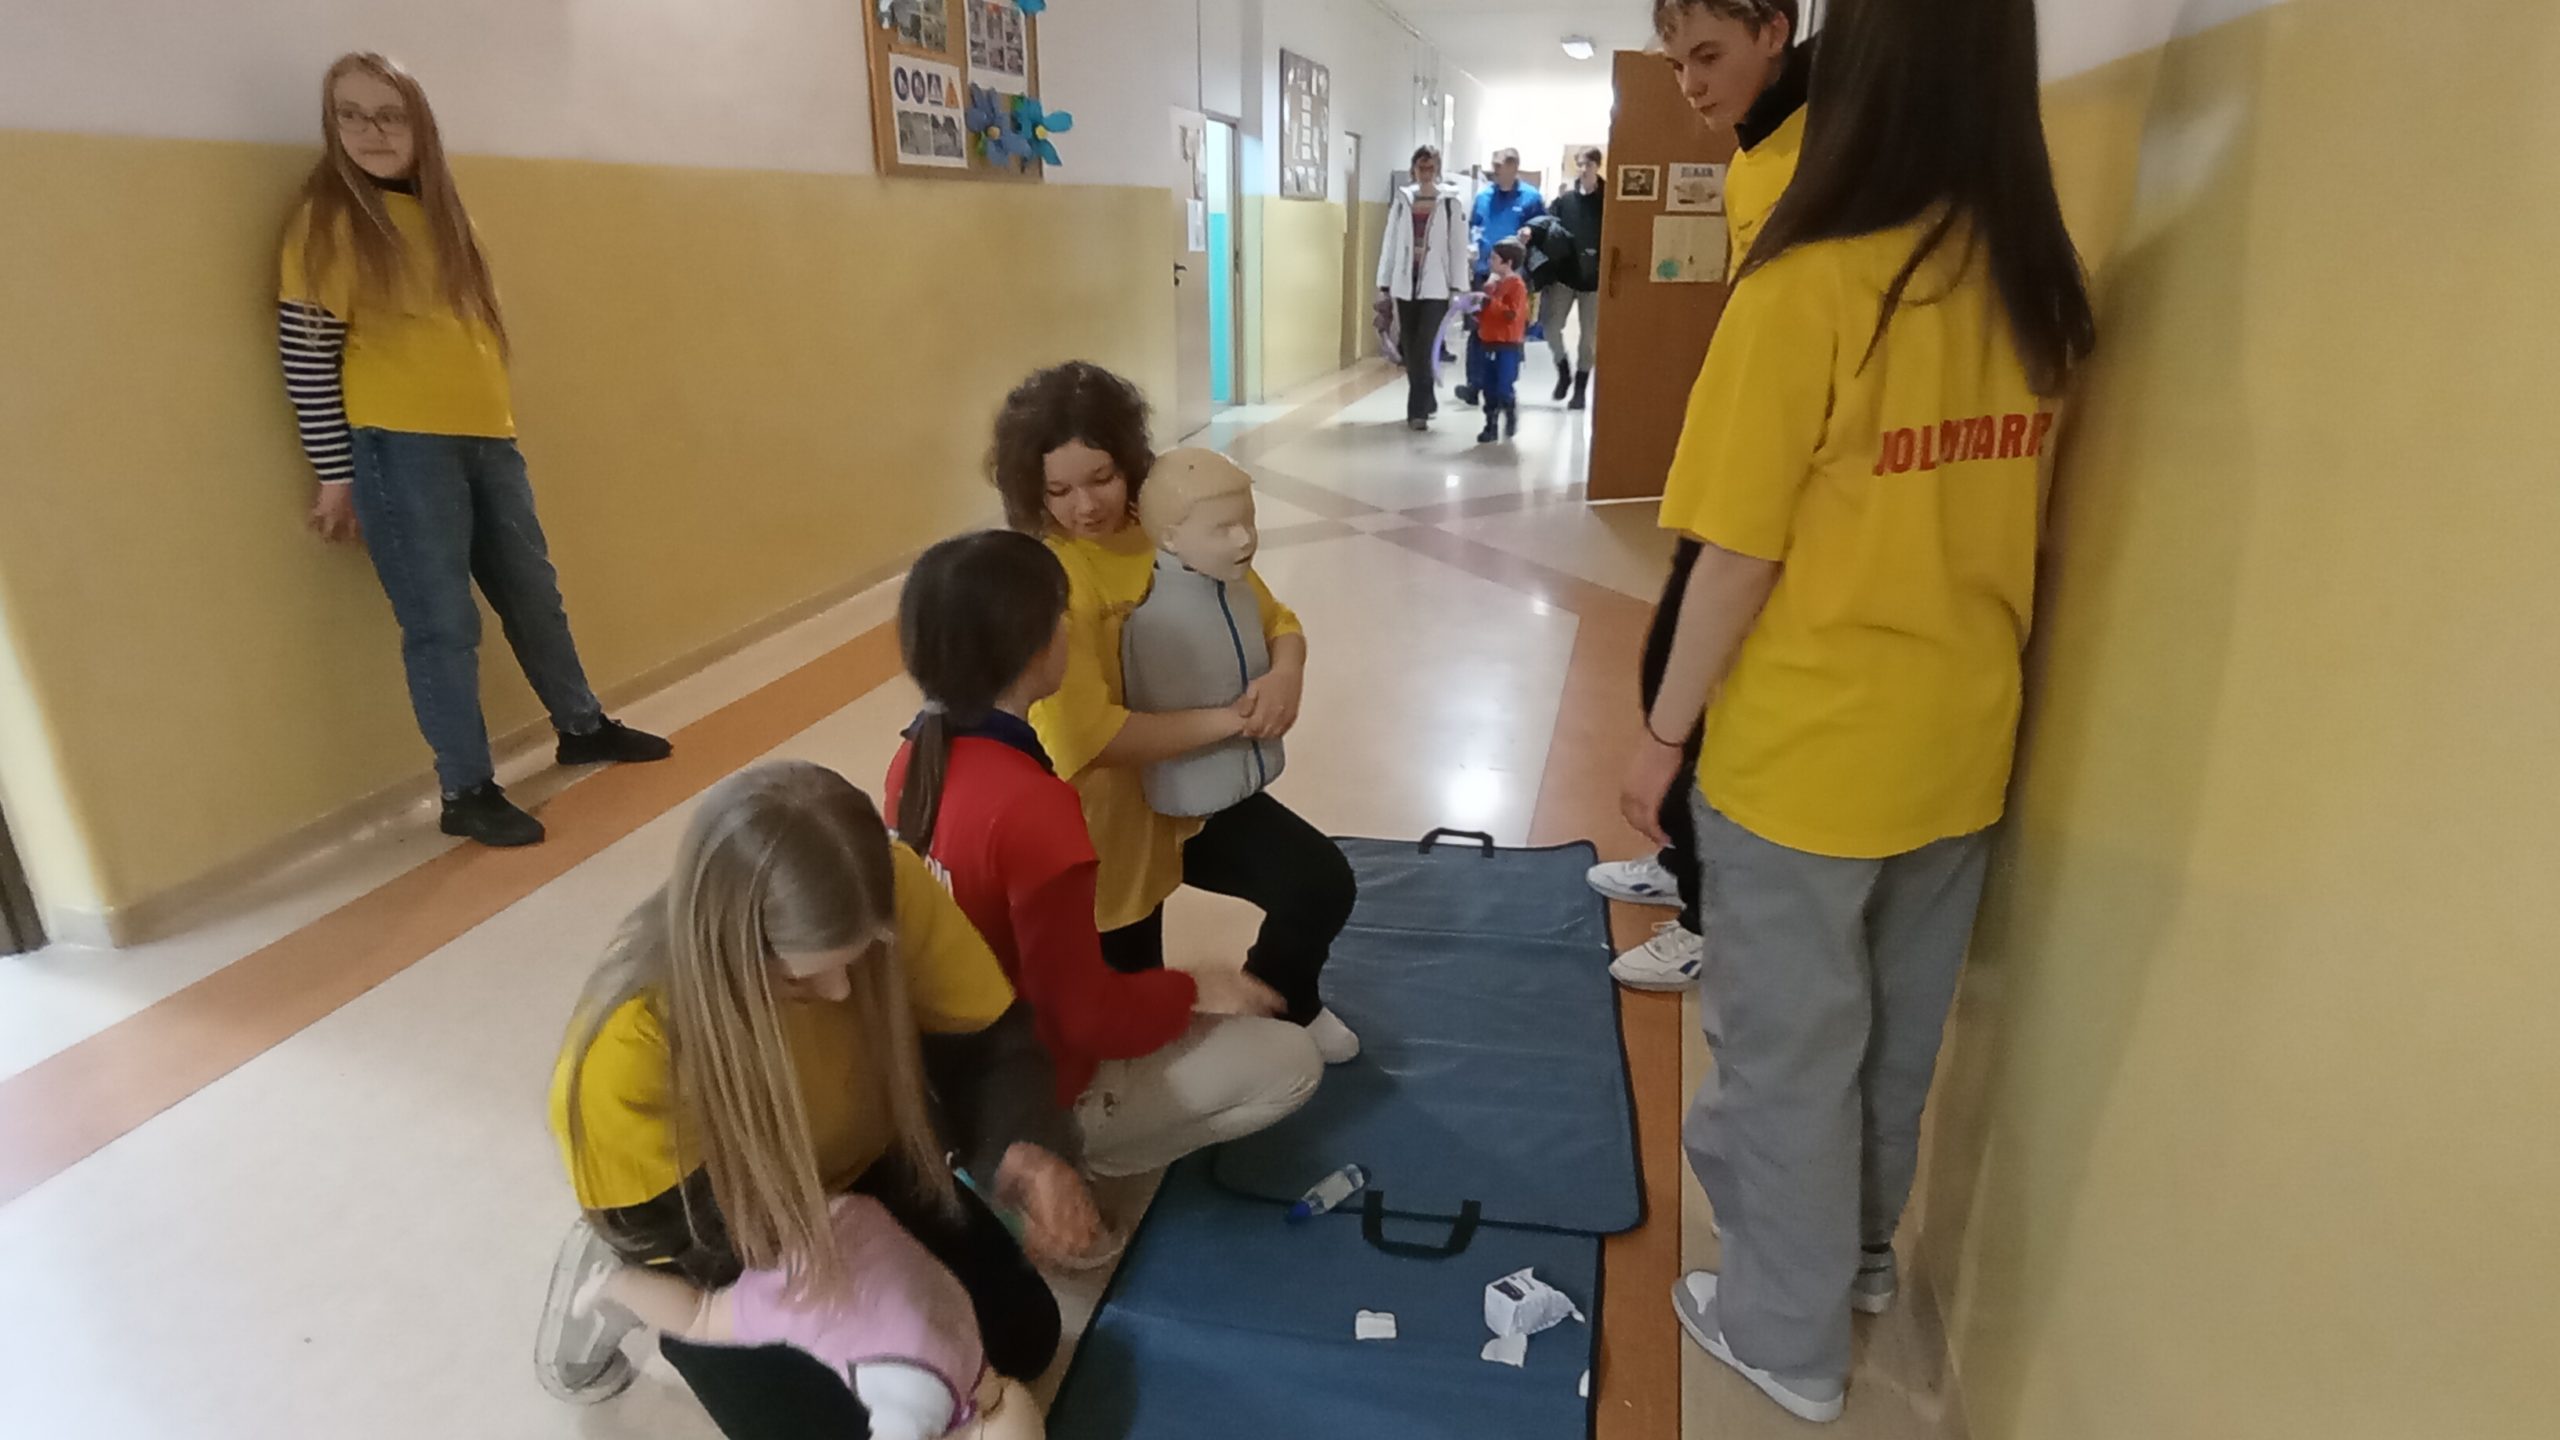 Na szkolnym korytarzu dwie uczennice w żółtych koszulkach klęczą ćwicząc odkrztuszanie dzieci na fantomach, jedna uczennica w czerwonej koszulce kuca przy nich, 3 uczniów się przyglada. W tle uczestnicy Dnia Otwartego. 
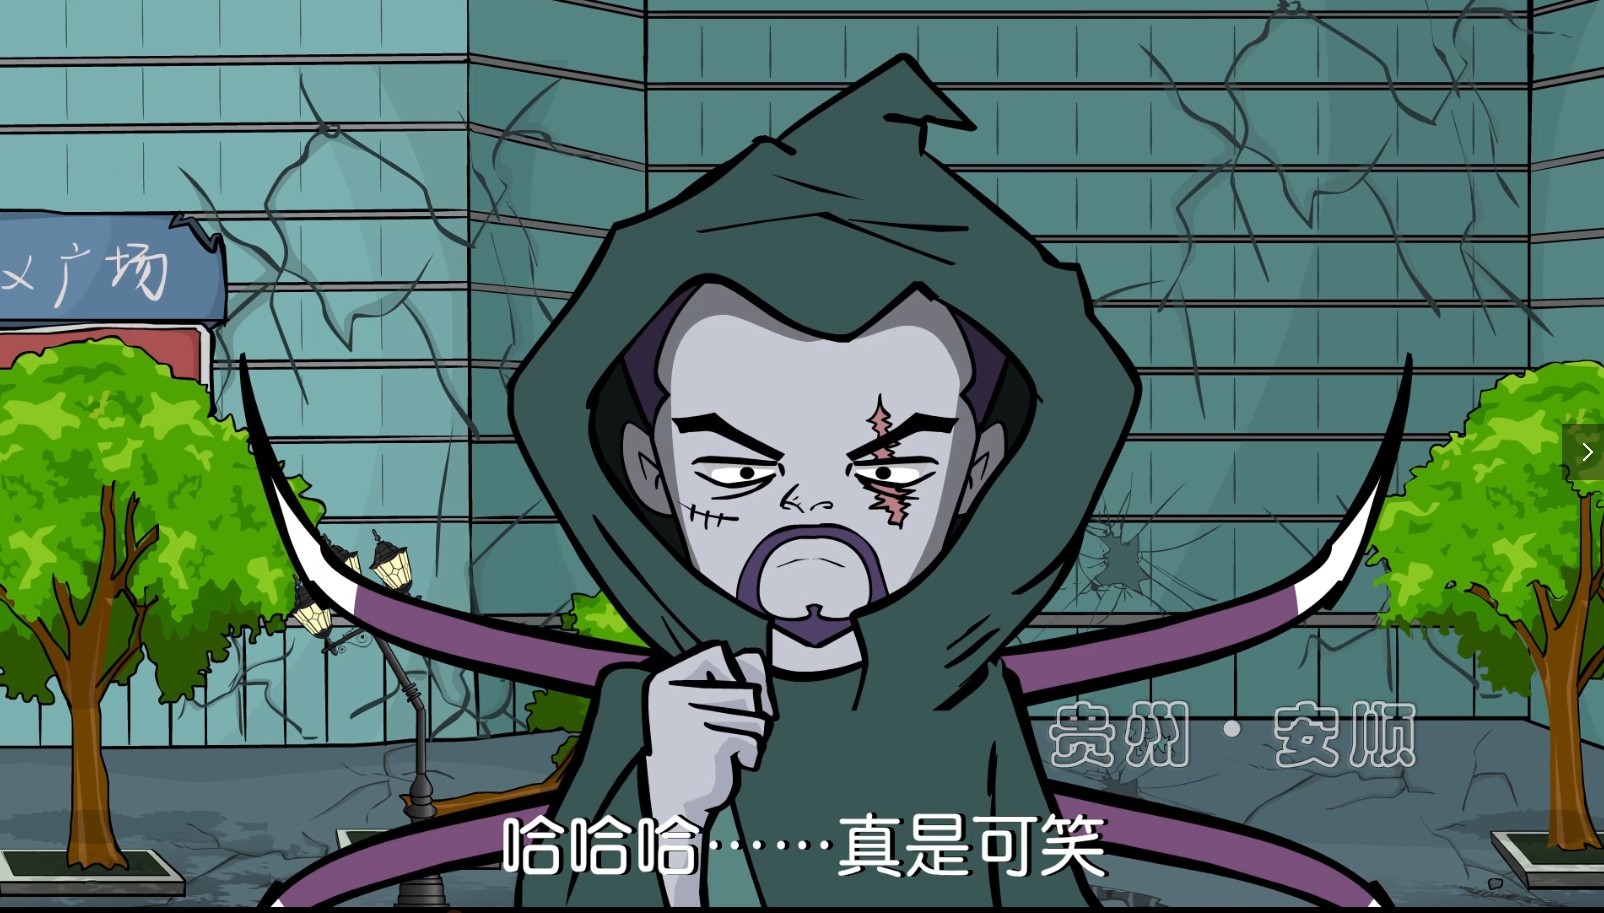 【全国禁毒宣传】禁毒系列宣传动画第9集|动漫|动画片
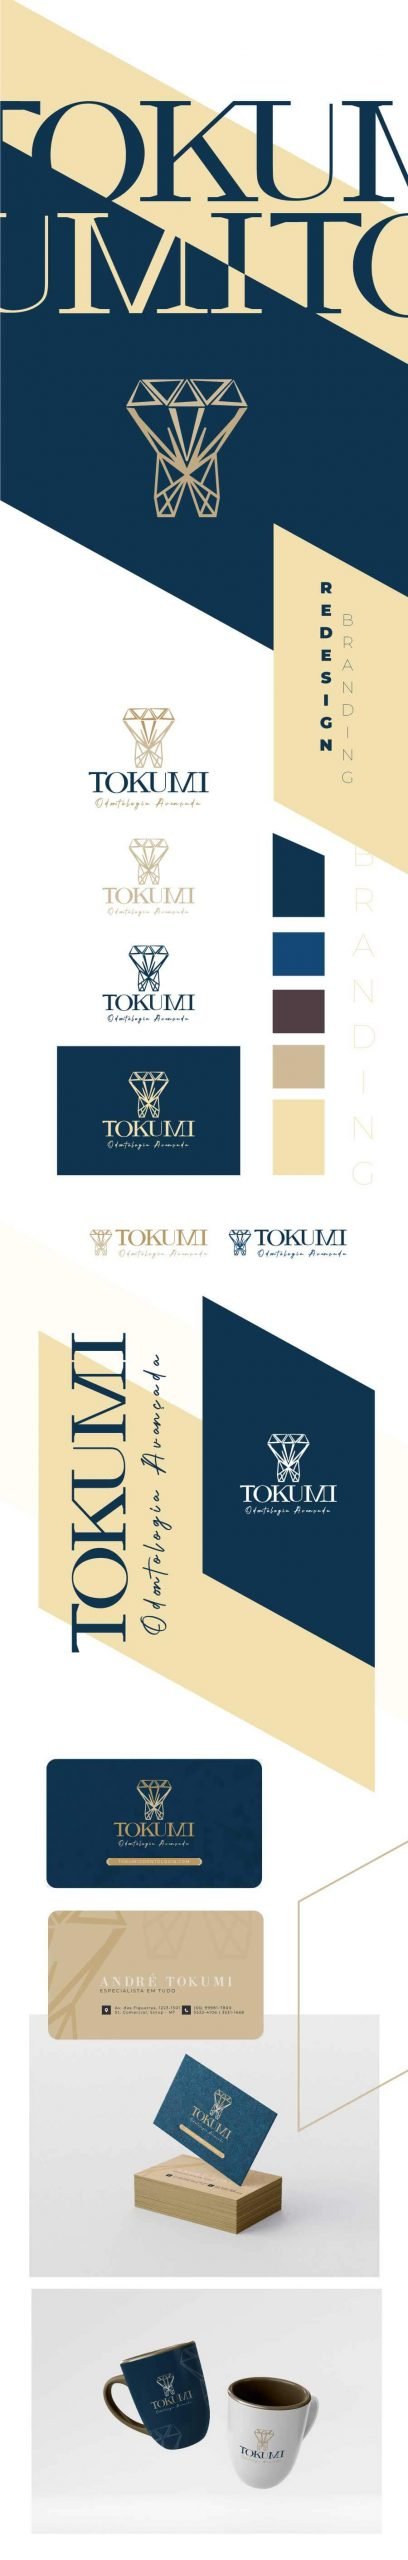 logo new tokumi1 1 scaled
----
### Exercise instructions
Please reproduce the whole listing exactly; the pictures stay out.

### Solved problem
 Na szkolnym korytarzu dwie uczennice w żółtych koszulkach klęczą ćwicząc odkrztuszanie dzieci na fantomach, jedna uczennica w czerwonej koszulce kuca przy nich, 3 uczniów się przyglada. W tle uczestnicy Dnia Otwartego. 
 【全国禁毒宣传】禁毒系列宣传动画第9集|动漫|动画片
 logo new tokumi1 1 scaled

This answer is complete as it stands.